■ Data extract ■
Segment Open

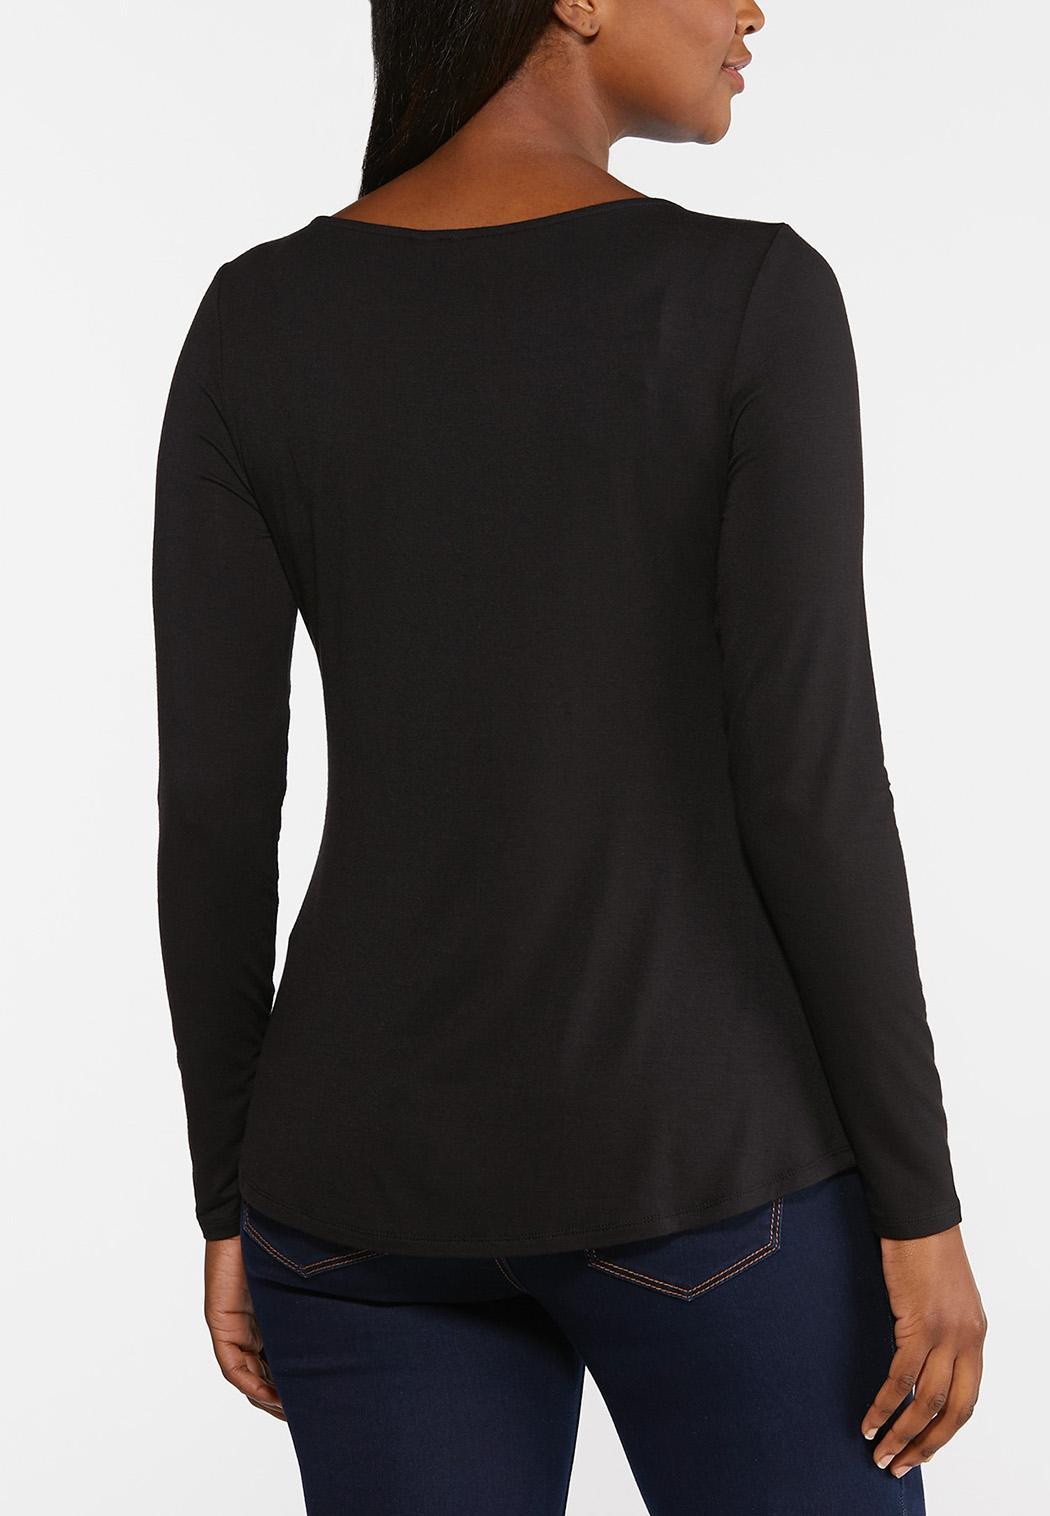 Plus Size Solid Scoop Neck Top (Item #44391763)
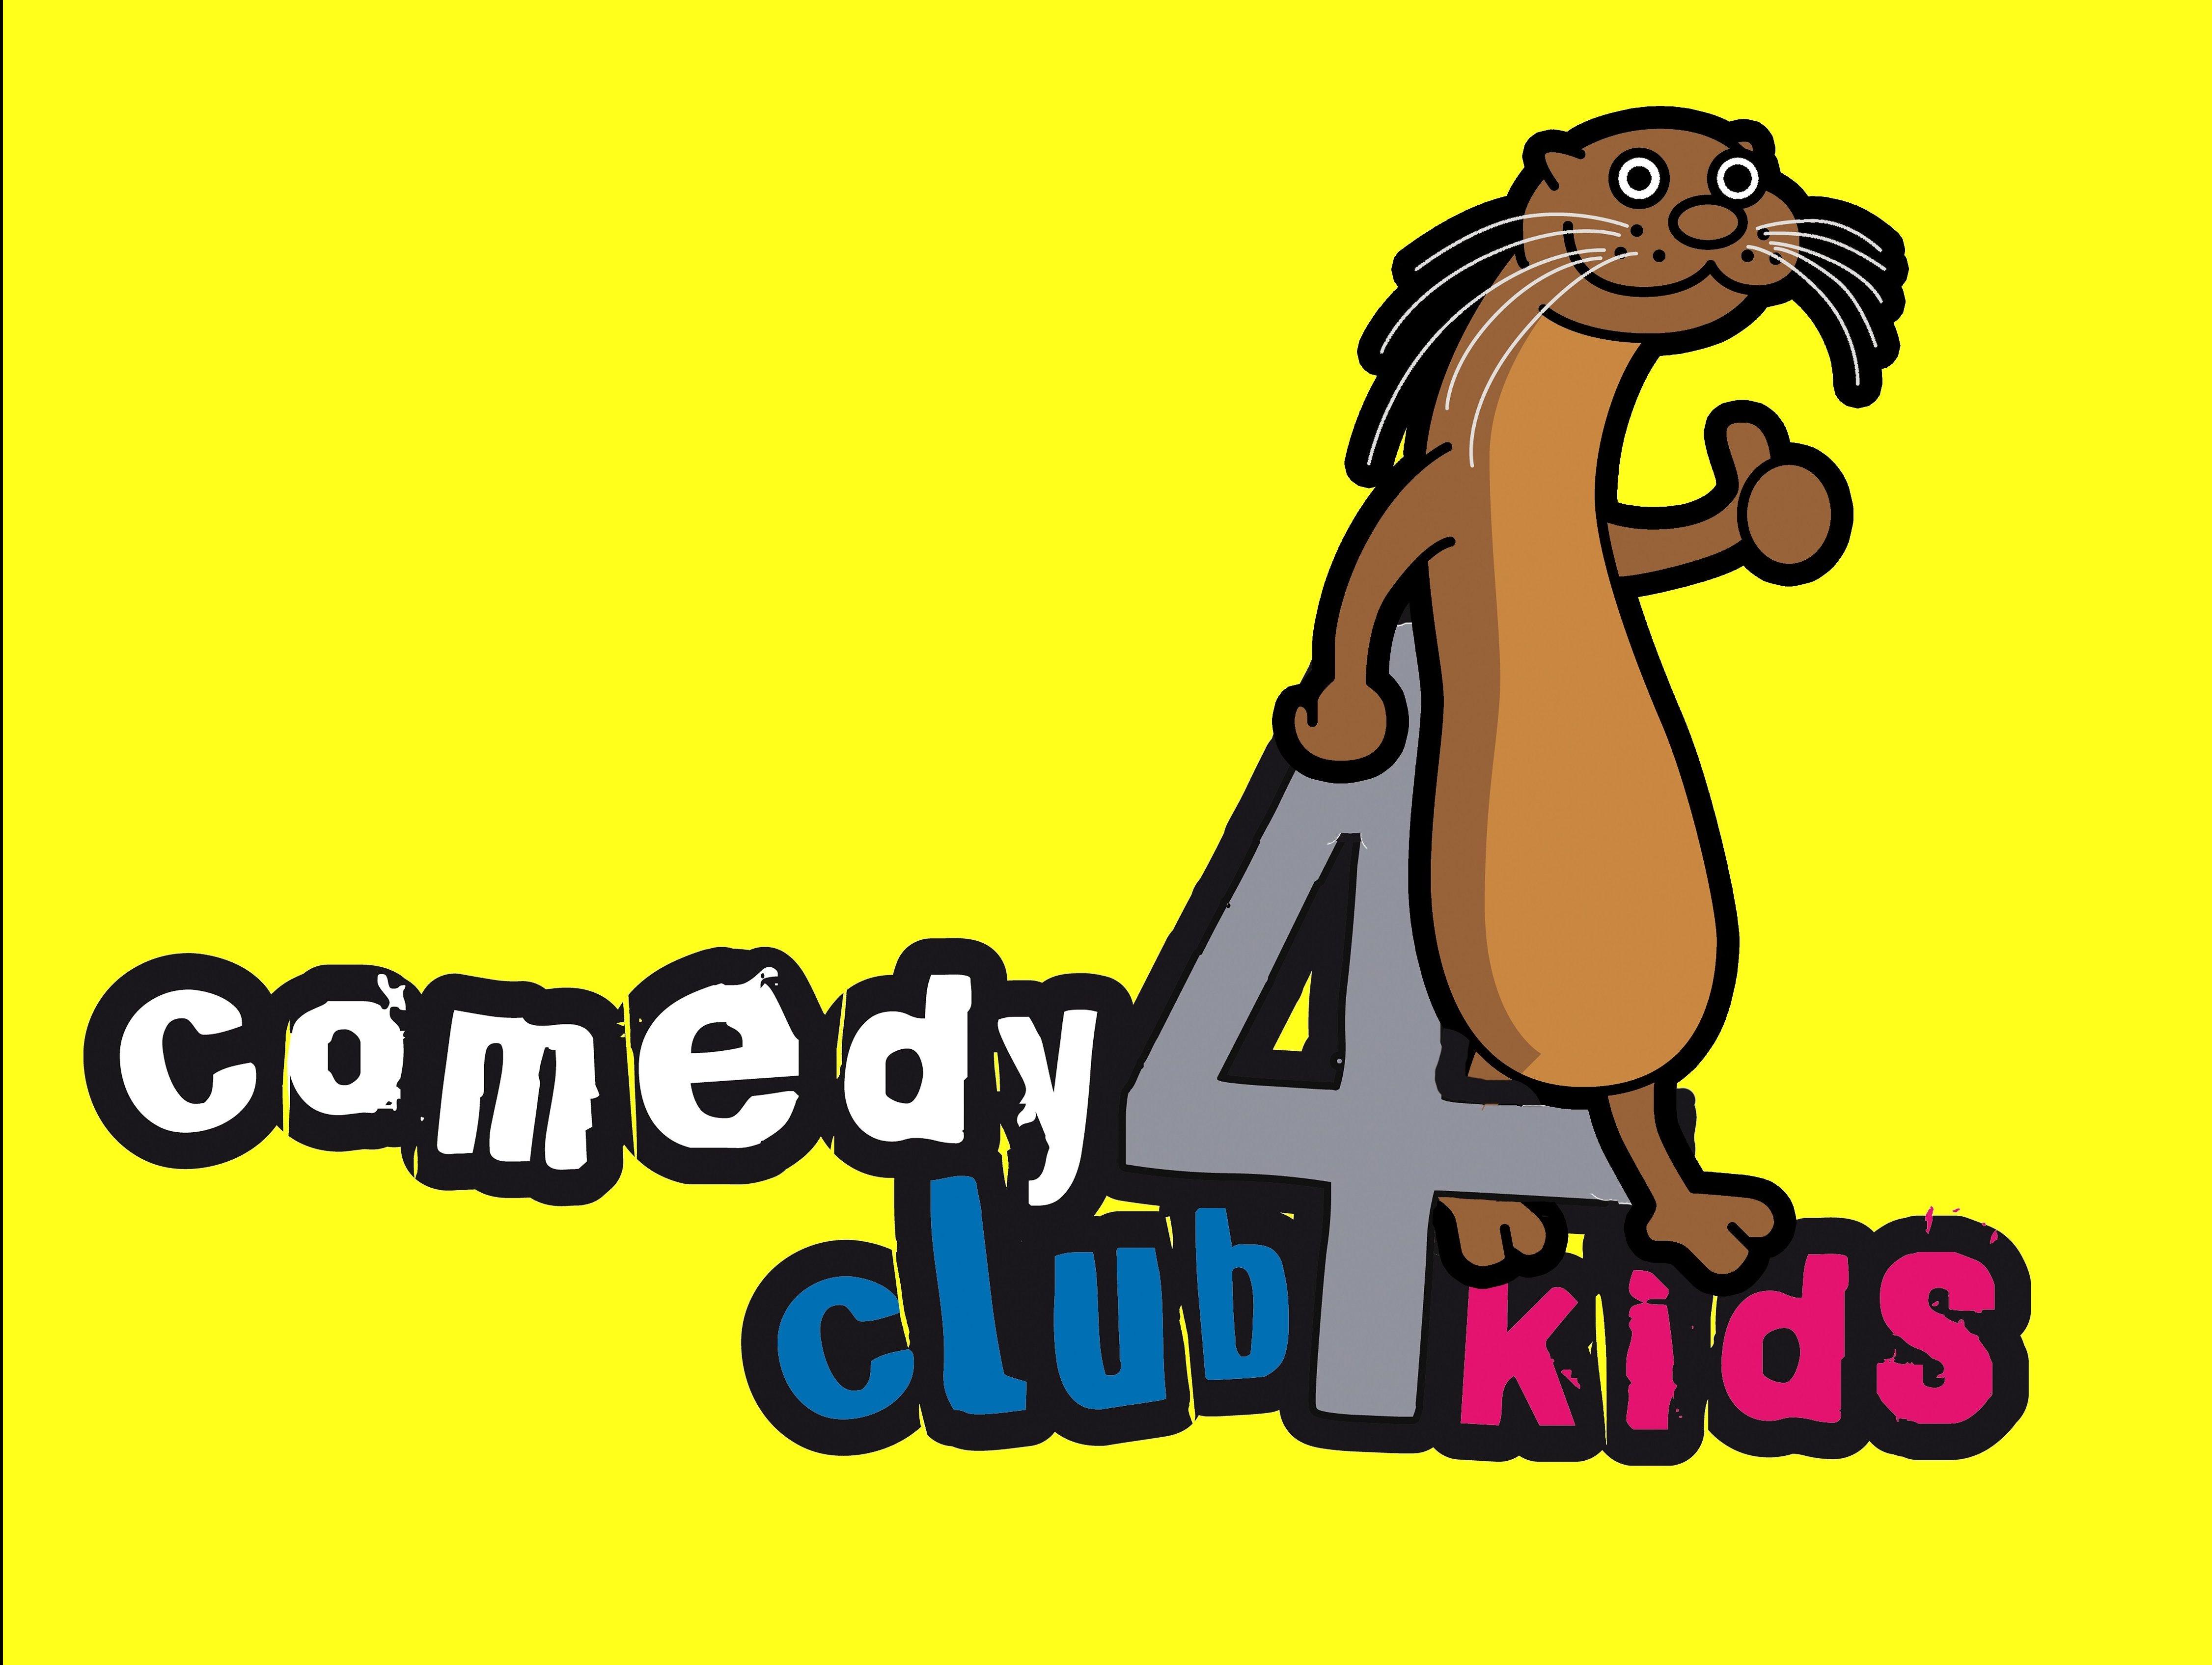 Comedy Club 4 Kids image
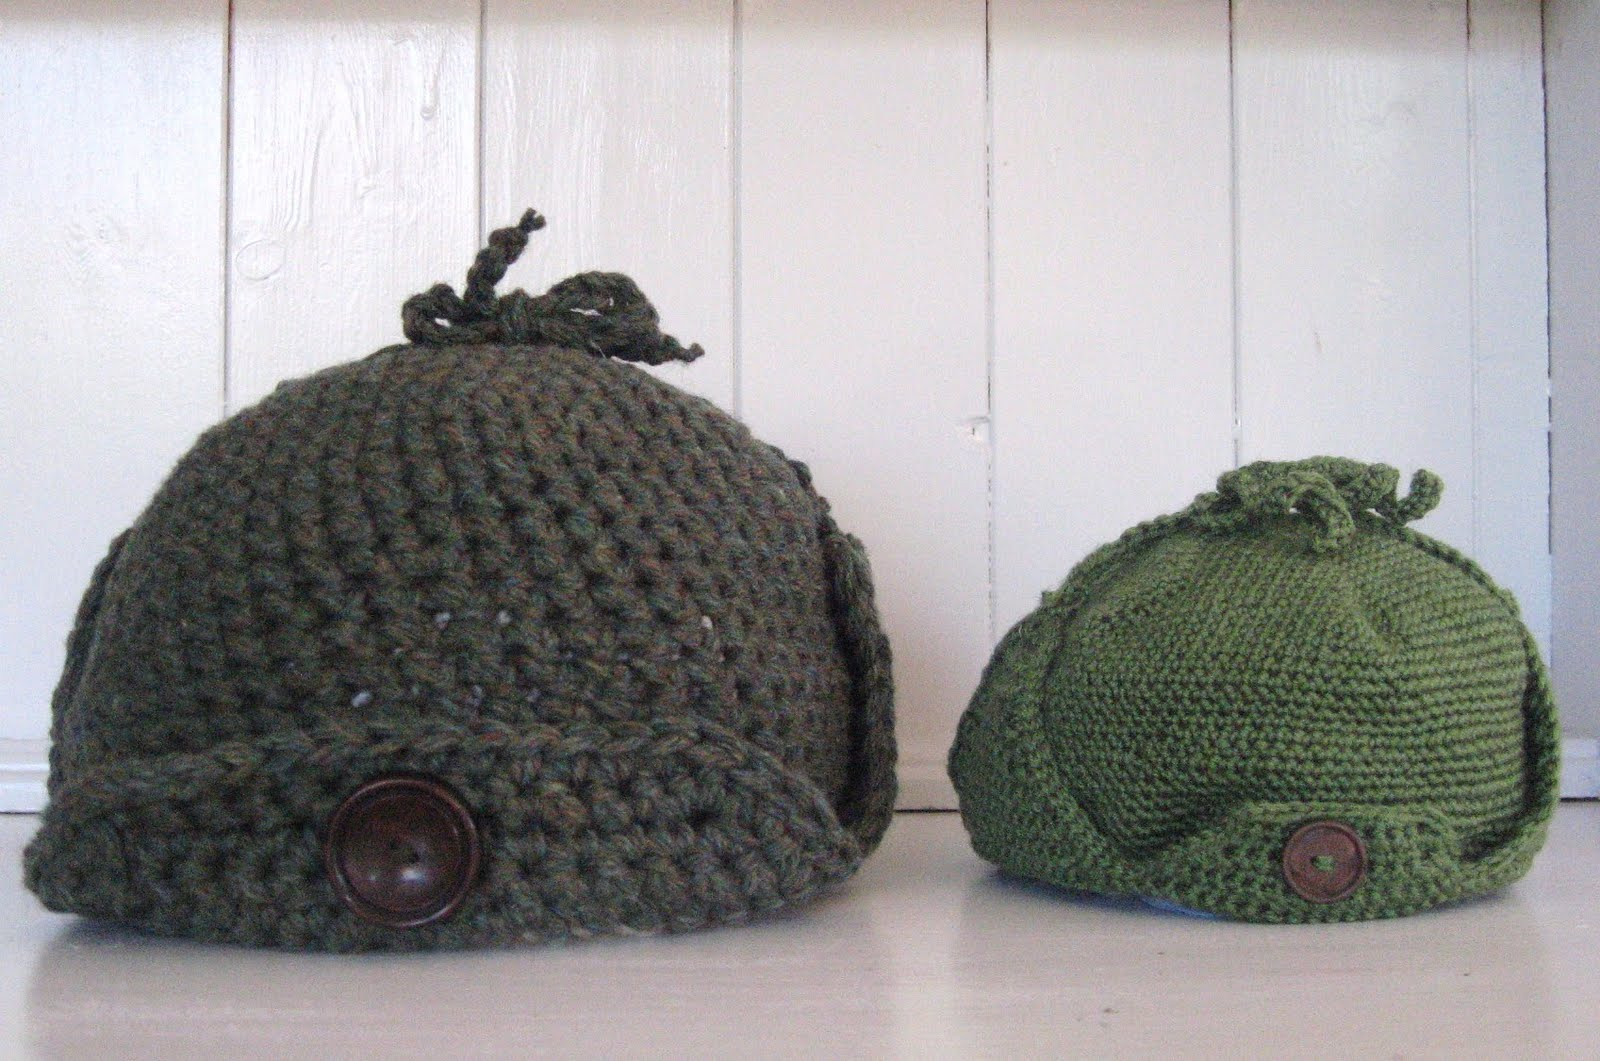 Crochet Deerstalker Hat Pattern : Northern Hi-lights: Hats, Hats and more Hats!

Segment Closed

■ Instructions to follow ■
Restate all of the material above word for word, excluding the pictures.

■ Exercise result ■
 Plus Size Solid Scoop Neck Top (Item #44391763)
 Comedy Club 4 Kids image
 Crochet Deerstalker Hat Pattern : Northern Hi-lights: Hats, Hats and more Hats!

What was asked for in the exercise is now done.